September 24th, 2011

I survived my first full day in Srinaga! Got up around 9:30, practiced an hour of yoga with a little bit of mediation and got Gulzar to fetch me a bucket of hot water for a bath. It was awesome! I had to get a bit creative with the pail of water as it was filled almost to the brim. So I used 2 small containers to inter weave filling half cups of cold water with the hot water to splash myself with, one at a time! Tomorrow, I'll have to remember to ask Gulzar to just fill 3 quarters of the bucket! It's a pretty bare bones way of life. These are times I am thankful I was not born with a silver spoon in my mouth.

Mr. Baktook continues his insistence that I go on a trek or take the jeep to Leh, part of all the sales package that the french couple was subjected to I suppose. I tell him that I want to meet a friend (Ruben from Spain) at Cafe Robusta, and he eventually takes me there, with Gulzar as my escort, whom I was happy to have tag along. Even though I was disappointed Ruben was nowhere to be seen, I had a very nice walk around town towards the Shrine, or Masjid...I am not sure exactly which. Today, I'm a bit more comfortable looking like a tourist, maybe because Gulzar is with me. I don't think I've seen any asians around here, much less a lone female traveler. And it's quite obvious none of these Srinagans have before either! Or perhaps not in a long time.

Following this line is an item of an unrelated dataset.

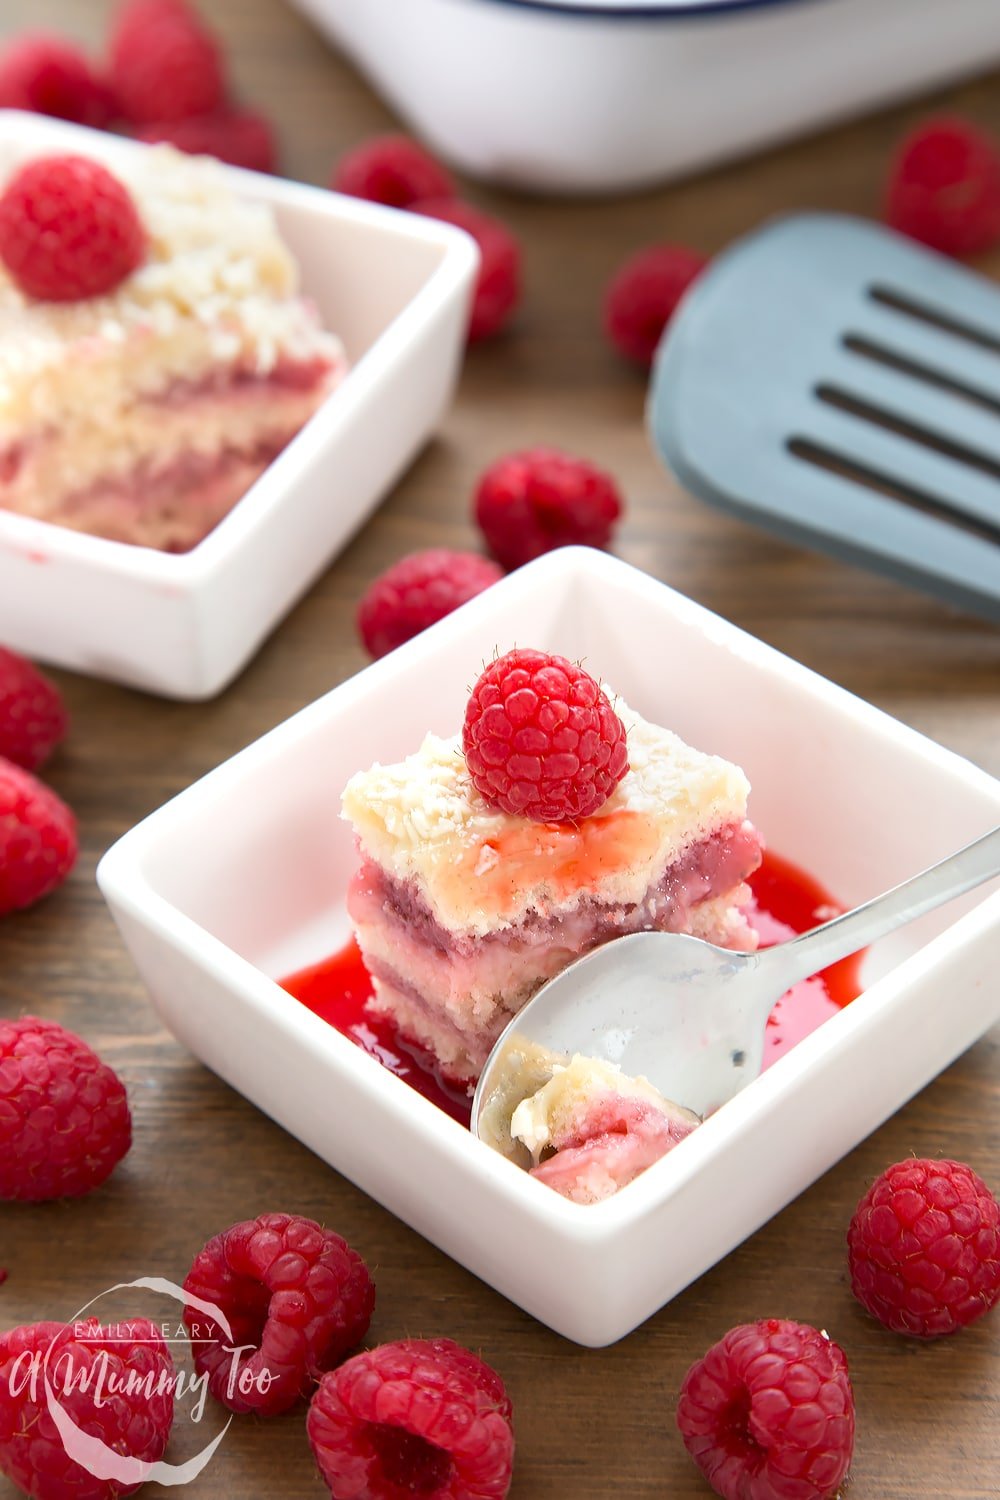 This deliciously sweet strawberry lasagne is inspired by Num Noms

Gulzar doesn't ask for a tip but asks if I want to share a beer tonight, which of course I'm buying. I gave him the money for it as he's been absolutely great to have around. I'm not sure I'd have ventured out by myself if not for him! I'm still contemplating how my exit out of Srinaga will be. Not counting tonight, I'll have 5 more nights here. I'm not sure I can last that long, largely due to the poor quality of food. Even though my fear of being kidnapped or being stripped clean of all my belongings are dissipating, I mostly just want to hang around the room so I can do my yoga, read and write. The fact that I don't have any cell phone reception in this region of India that tourists are highly adviced against visiting is what's freaking me out quite a bit. Thankfully, Mr. Bahtook took me to a travel agent friend who let me use his computer for about 15-20 minutes while both men just waited around for me to finish.

Late afternoon, Mr. Bahtook proceeds to drive me over to another "friend's" house to discuss an expedition for my remaining time in Kashmir. He drives through the same part of town Gulzar and I had been walking around, and then through some residential area with high walls encircling properties, which he touts as the rich area. My limited experience being in a muslim state brings forth imagery of Afghanistan I've seen on TV, especially when several bearded men walk out from one of the doors of these walls with traditional white muslim outfits and caps. But I retain my cool. Between my sad state of stereotyping and the less mad than Delhi traffic, my heart is still beating a pitter-patter that will probably register unhealthy on an electrocardiograph. I've spotted a handful of caucasian tourist who've become my points of confidence building. I figured between them and me, they're likely to get kidnapped first!

Dinner is rice and a vegetable curry that I eat heartily. This time, I escape to my room as quickly and quietly as I can, while no one is around me! I'm not sure why I feel obligated to to do any particular thing around the house. Perhaps because everything is so foreign to me. So I'm being watchful about what I say or do, lest they start yelling at me in the high intensity tone they seem to engage in conversation often. Gulzar has brought me an extra blanket and we sat chatting about life and relationships over the one bottle of beer. I know I will sleep well tonight!